One way we are thinking about this question is that it is likely that cells that are distinct, i.e. those that sit in different parts of the nucleus, project to different areas, are different sizes and so forth, may well be distinct based on genetic cues that are no longer clear in the adult state. The genetic differences were necessary to set up the differences but they aren’t necessary to keep the cells that way.

One of the things that is really exciting in neuroscience right now is using transcriptomics to estimate the number of cell types that exist within a brain region and across brain regions, but one of the things we need to question is whether cells that are transcriptomically different are necessarily different in ways that matter for the nervous system, and are cells that are transcriptomically the same, actually the same?

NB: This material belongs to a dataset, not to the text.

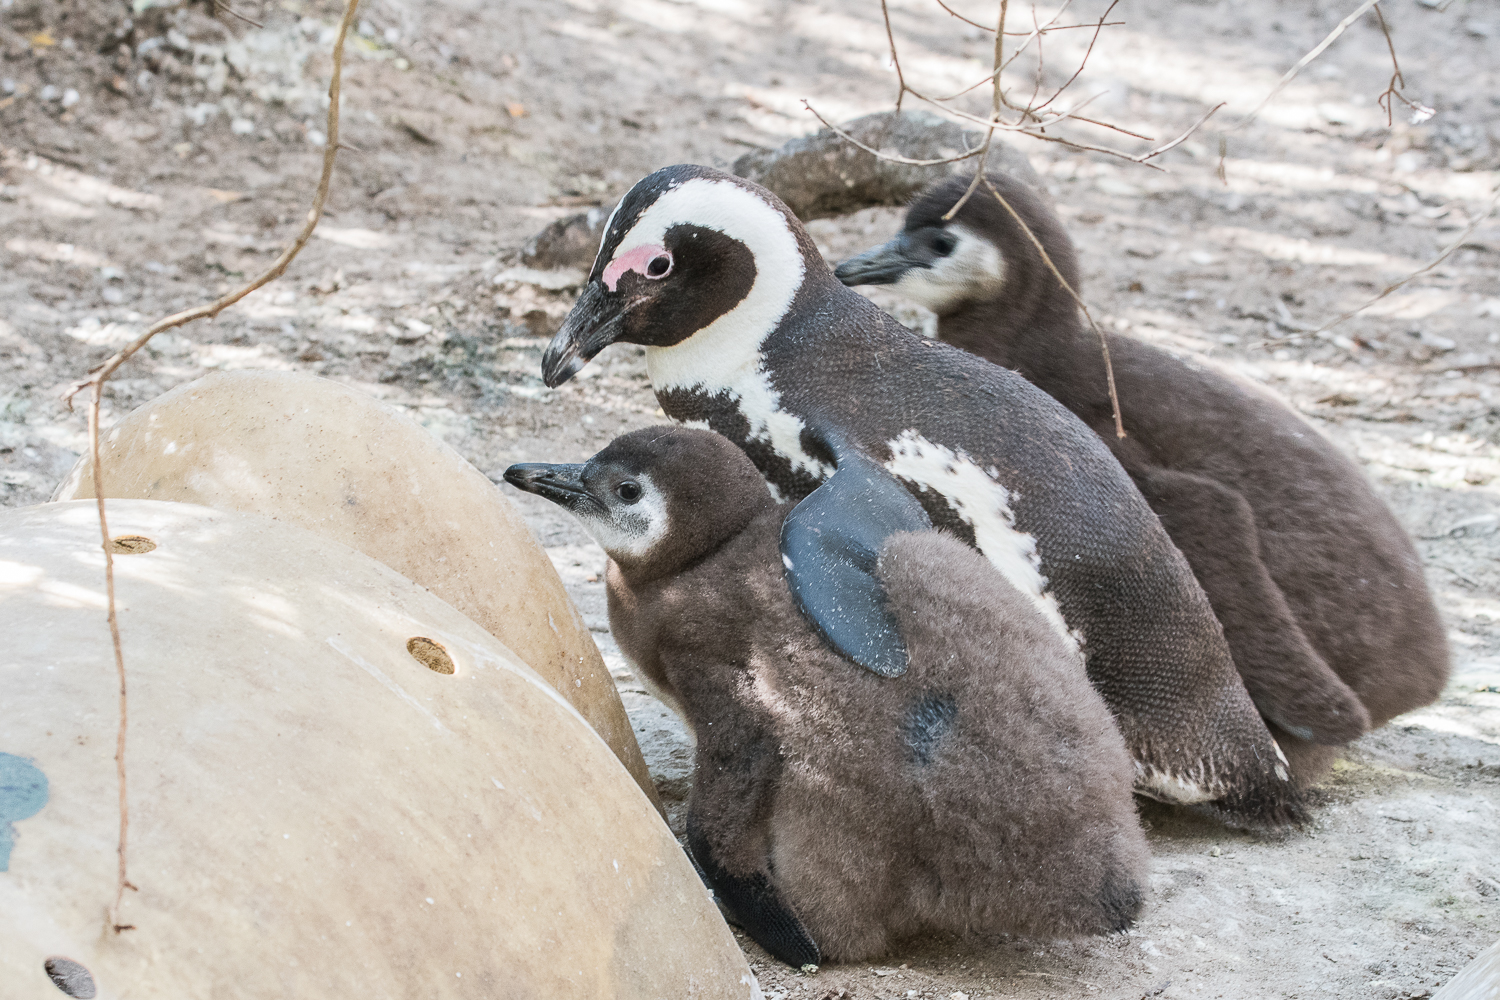 Manchots du Cap (African Penguin, Sphenicus Demersus), Boulders’ beach : Nourrissage apparemment terminé, ils sont pleins à craquer ! Allez, on rentre au nichoir !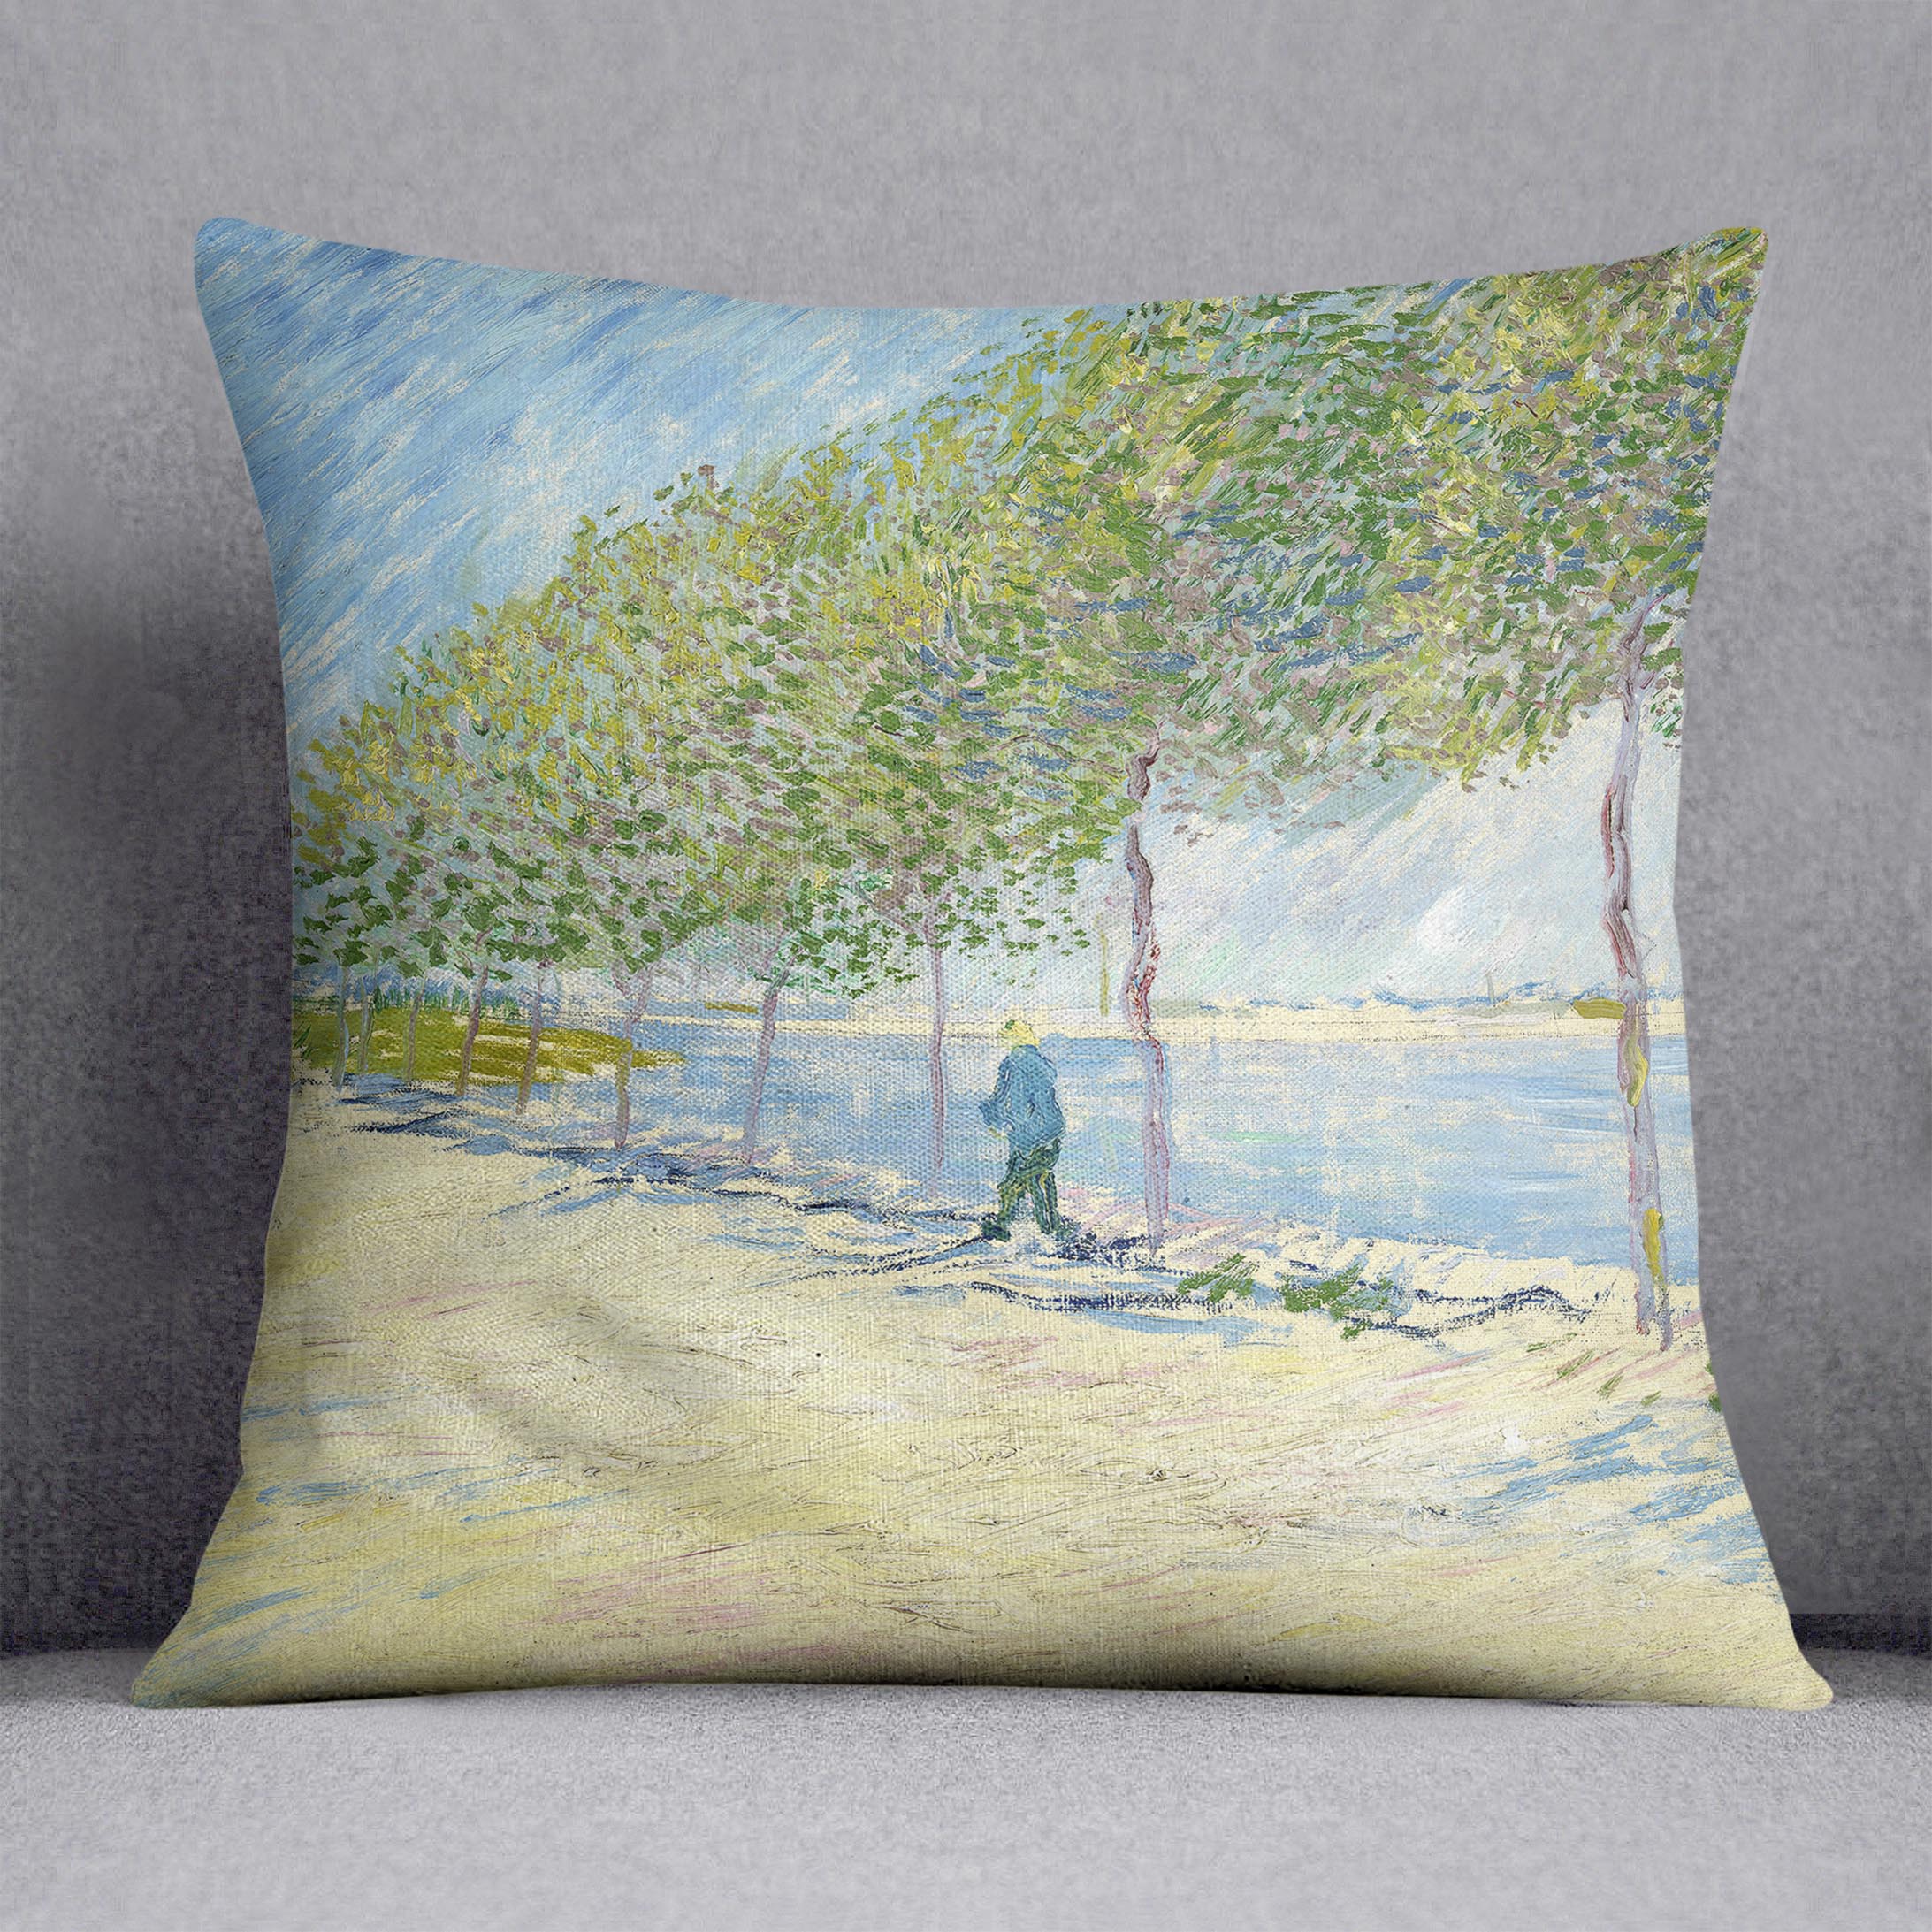 Along the Seine by Van Gogh Cushion

Some of the evidence we have from the LGN is that cells in the adult animal can be transcriptomically very similar but actually be quite distinct, so this is something we would really like to resolve. The way to answer this is to look at the correspondence of morphological, electrophysiological, and transcriptomic data from a large number and variety of cells (within and across areas of the brain).

Gabe Murphy

About Dr Gabe Murphy

Gabe Murphy joined the Allen Institute for Brain Science in the fall of 2015; he and his team examine characteristics of individual neurons as well as the synaptic connections through which neurons communicate with one another.

Gabe’s previous research experience includes stints as a group leader at the Howard Hughes Medical Institute’s Janelia Research Campus, a postdoctoral fellow in Fred Rieke’s lab at the University of Washington, and a graduate student in Jeff Isaacson’s lab at the University of California, San Diego. He received his B.A. in neuroscience from Pomona College.